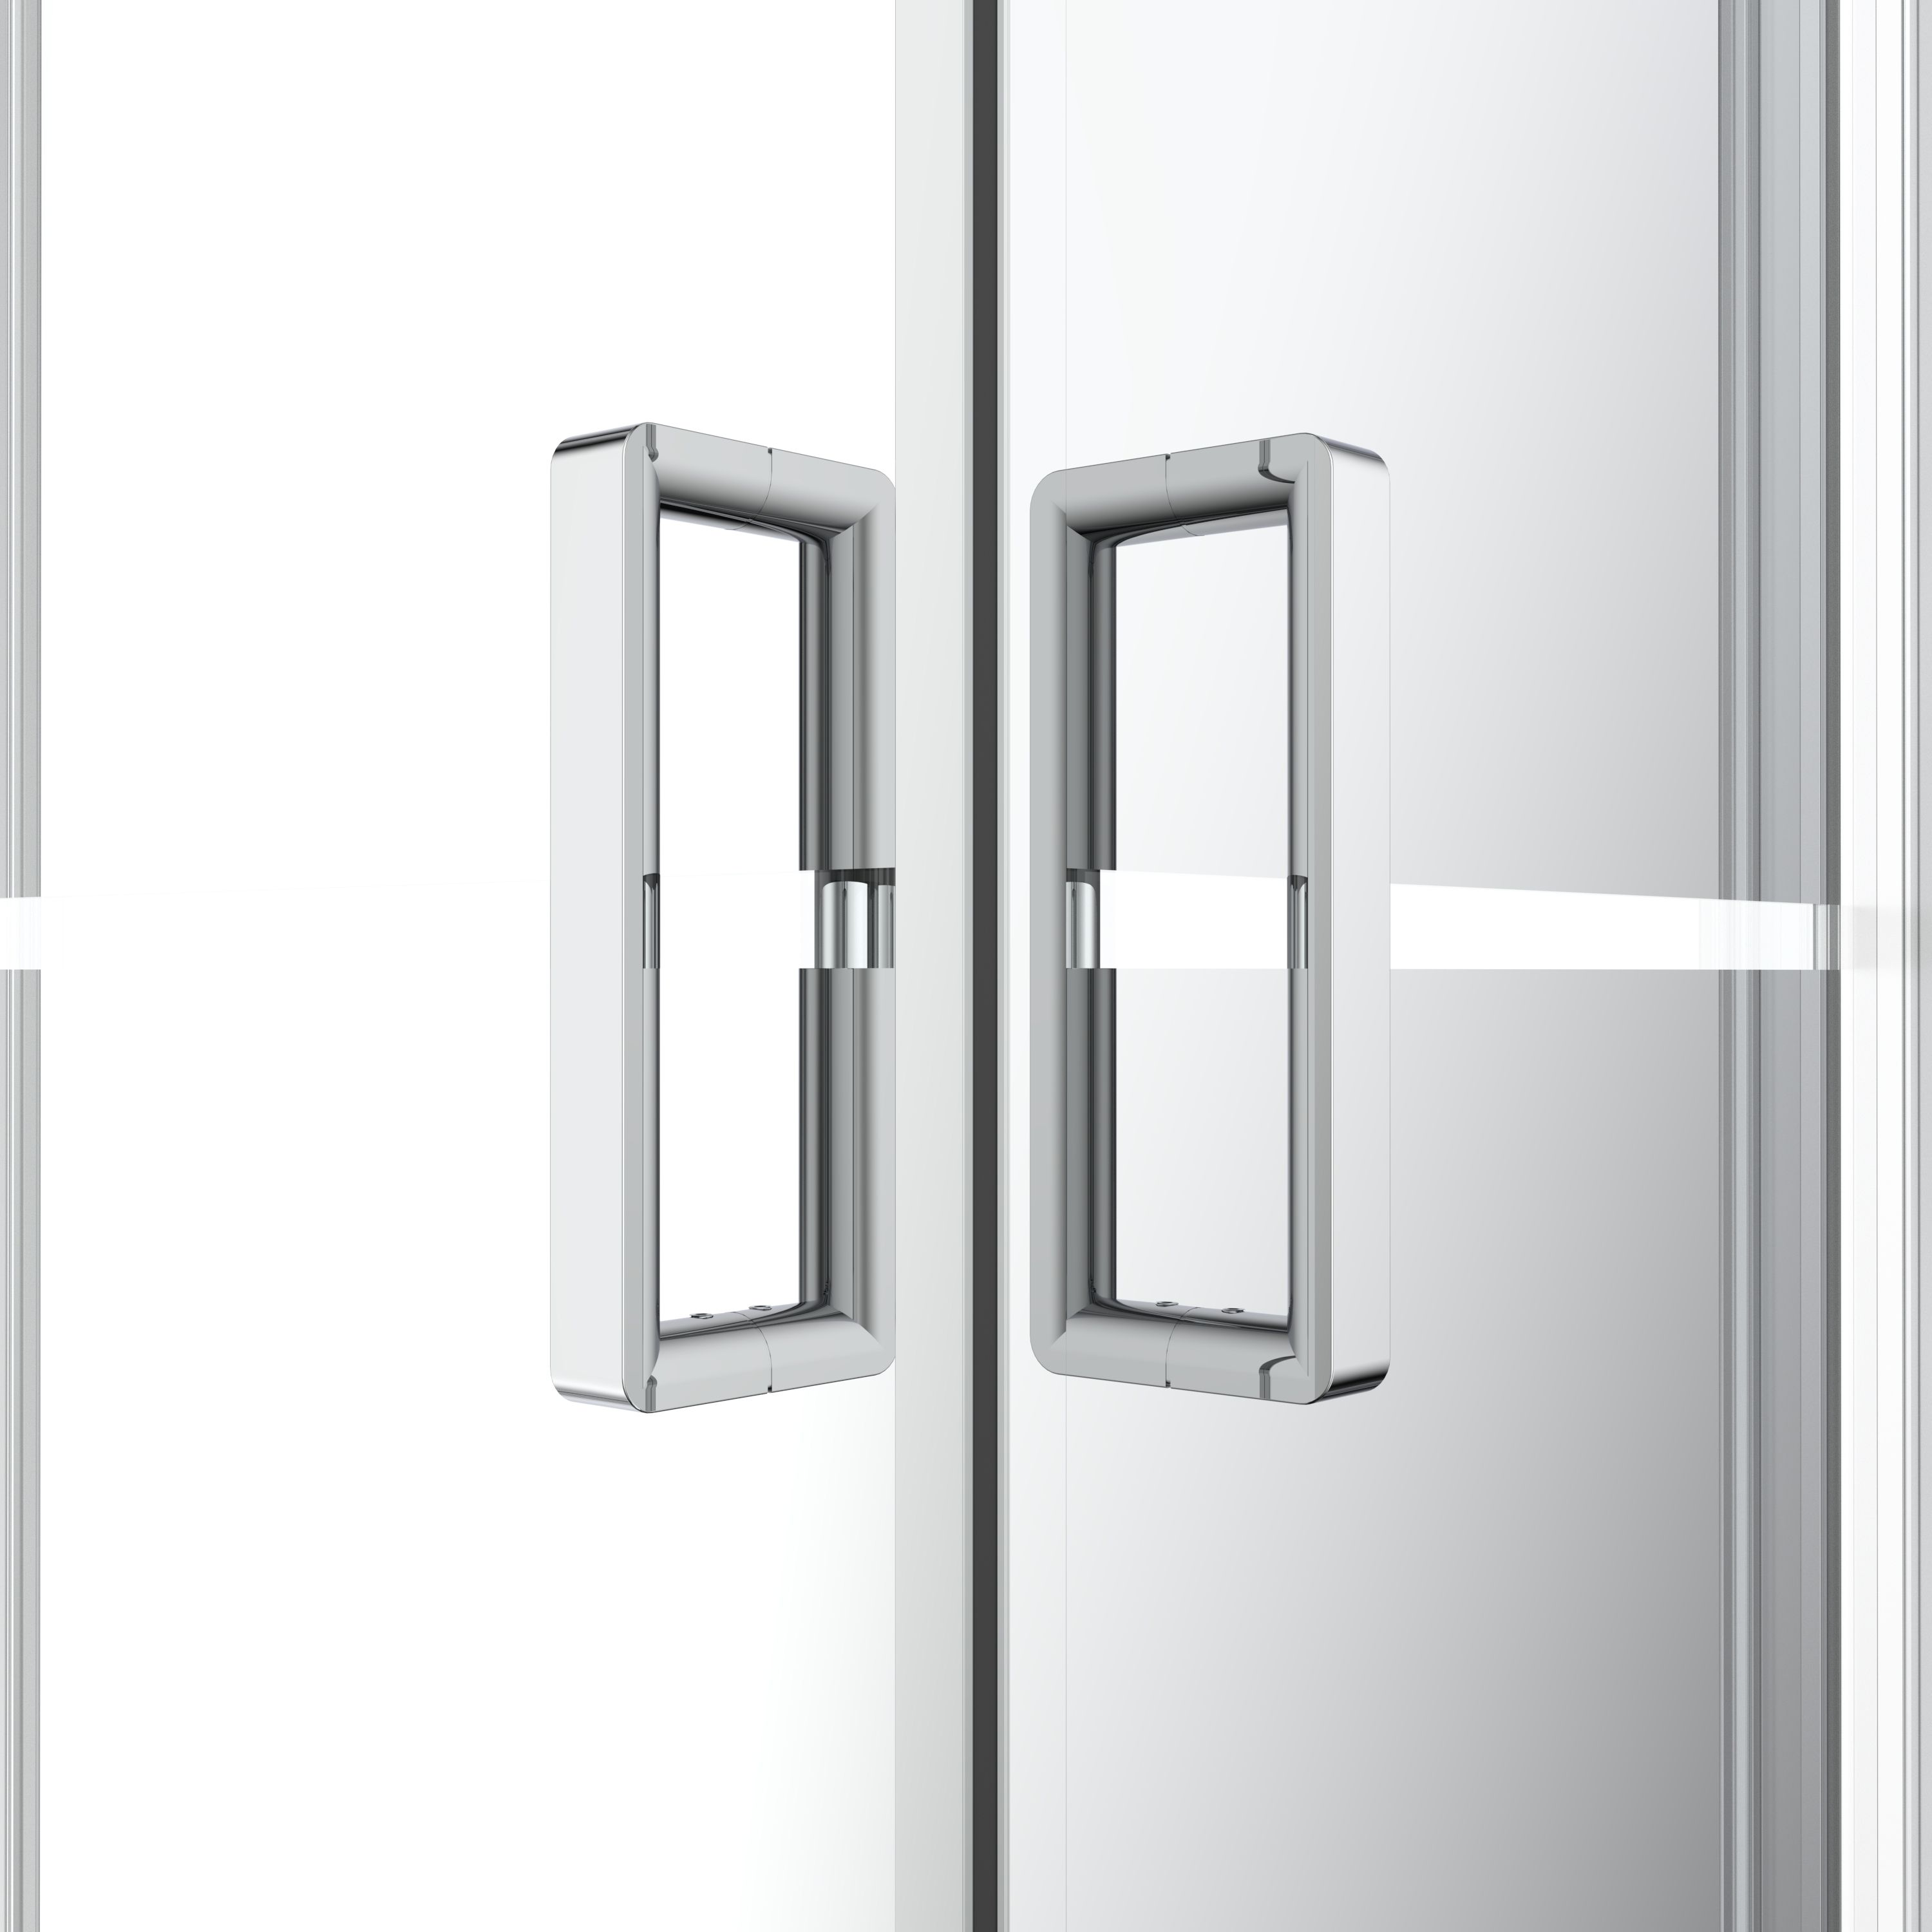 GoodHome Ledava Semi-mirrored Chrome effect Square Shower enclosure - Corner entry double sliding door (W)90cm (D)90cm
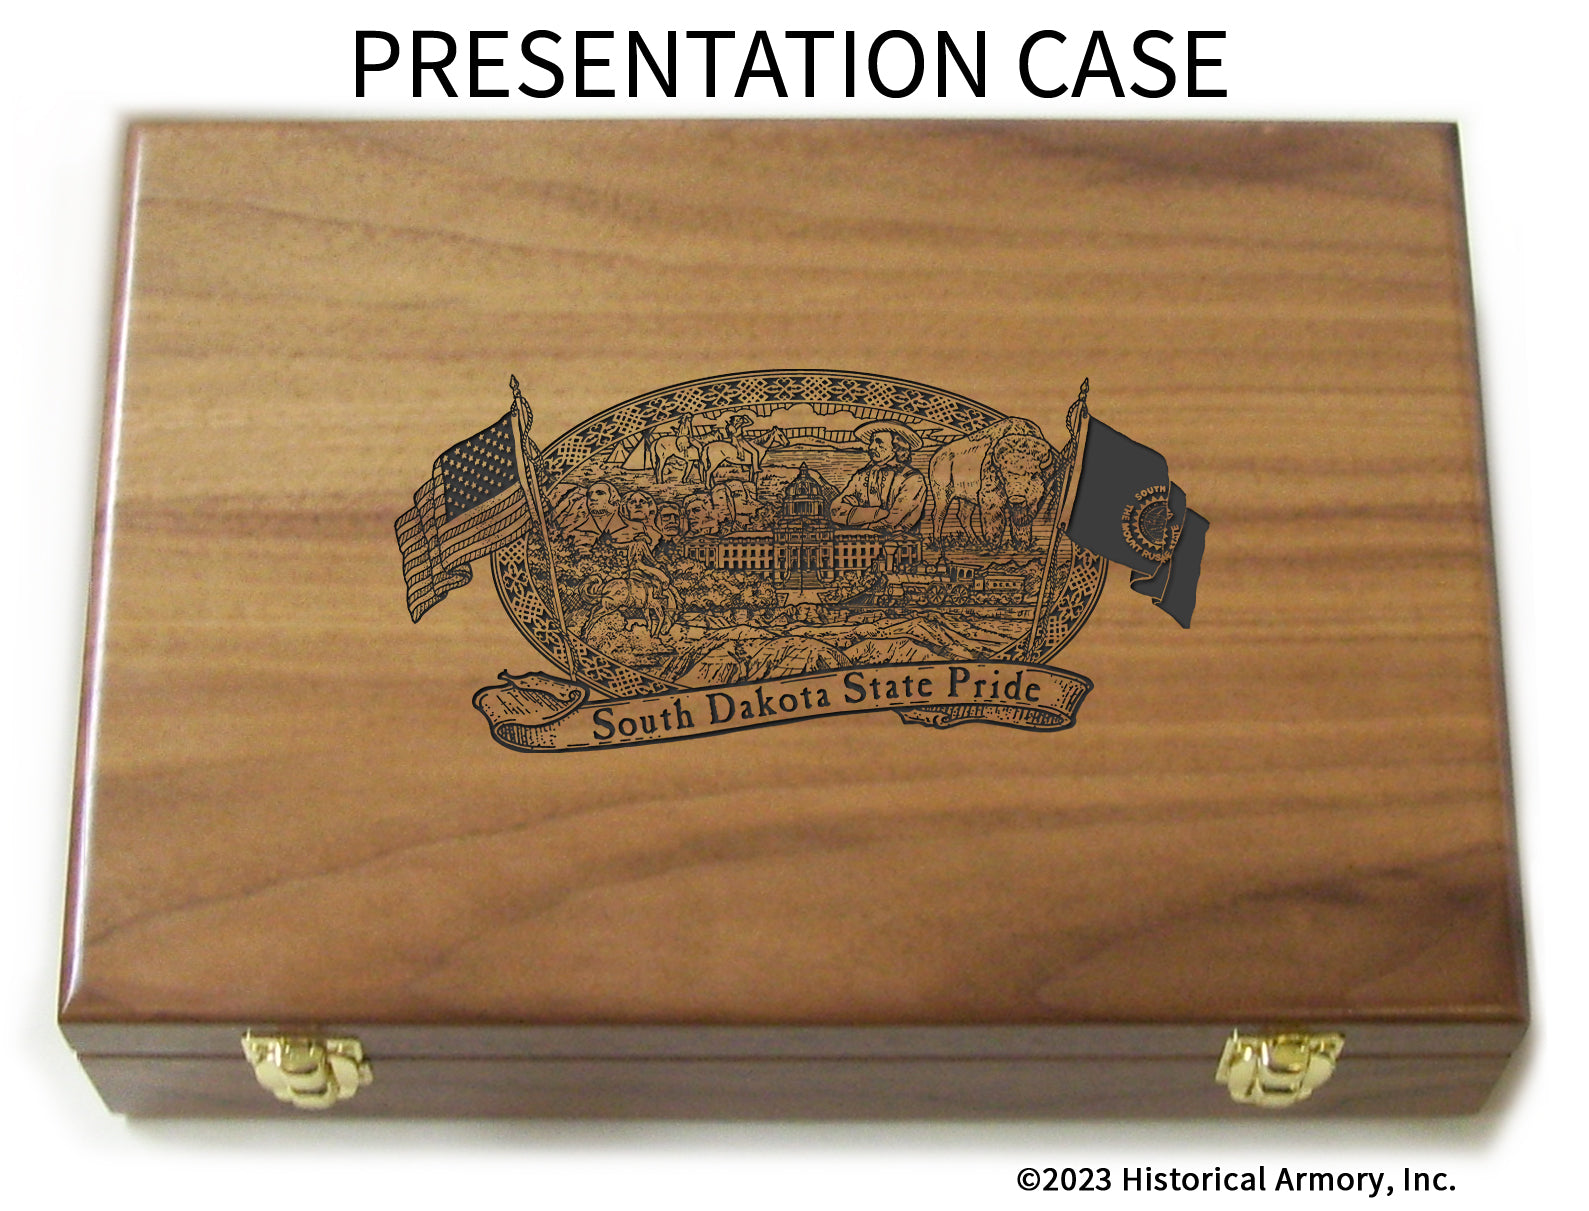 South Dakota State Pride Limited Edition Engraved 1911 Presentation Case
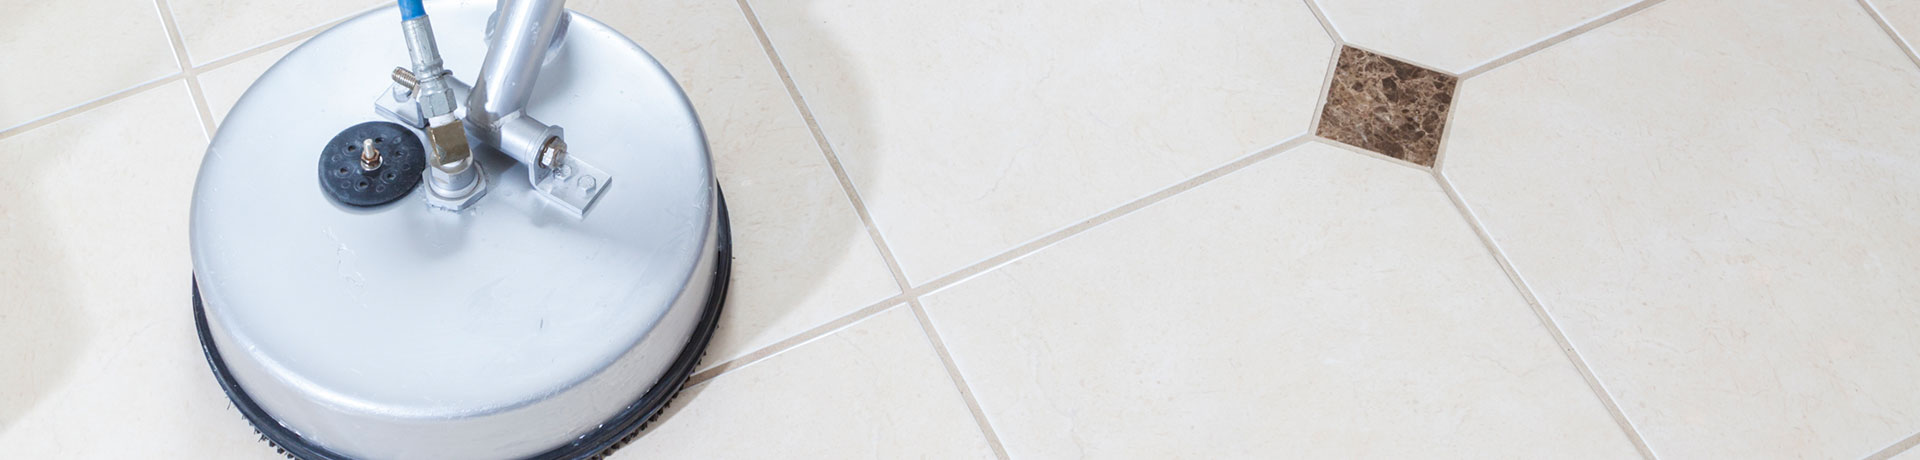 Commercial tile cleaner machine on tile floor in restroom

|---|

● ACTIVITY
The answer should be the full material above, printed exactly, with no pictures in it.

● TASK RESPONSE
 GoodHome Ledava Semi-mirrored Chrome effect Square Shower enclosure - Corner entry double sliding door (W)90cm (D)90cm
 South Dakota State Pride Limited Edition Engraved 1911 Presentation Case
 Commercial tile cleaner machine on tile floor in restroom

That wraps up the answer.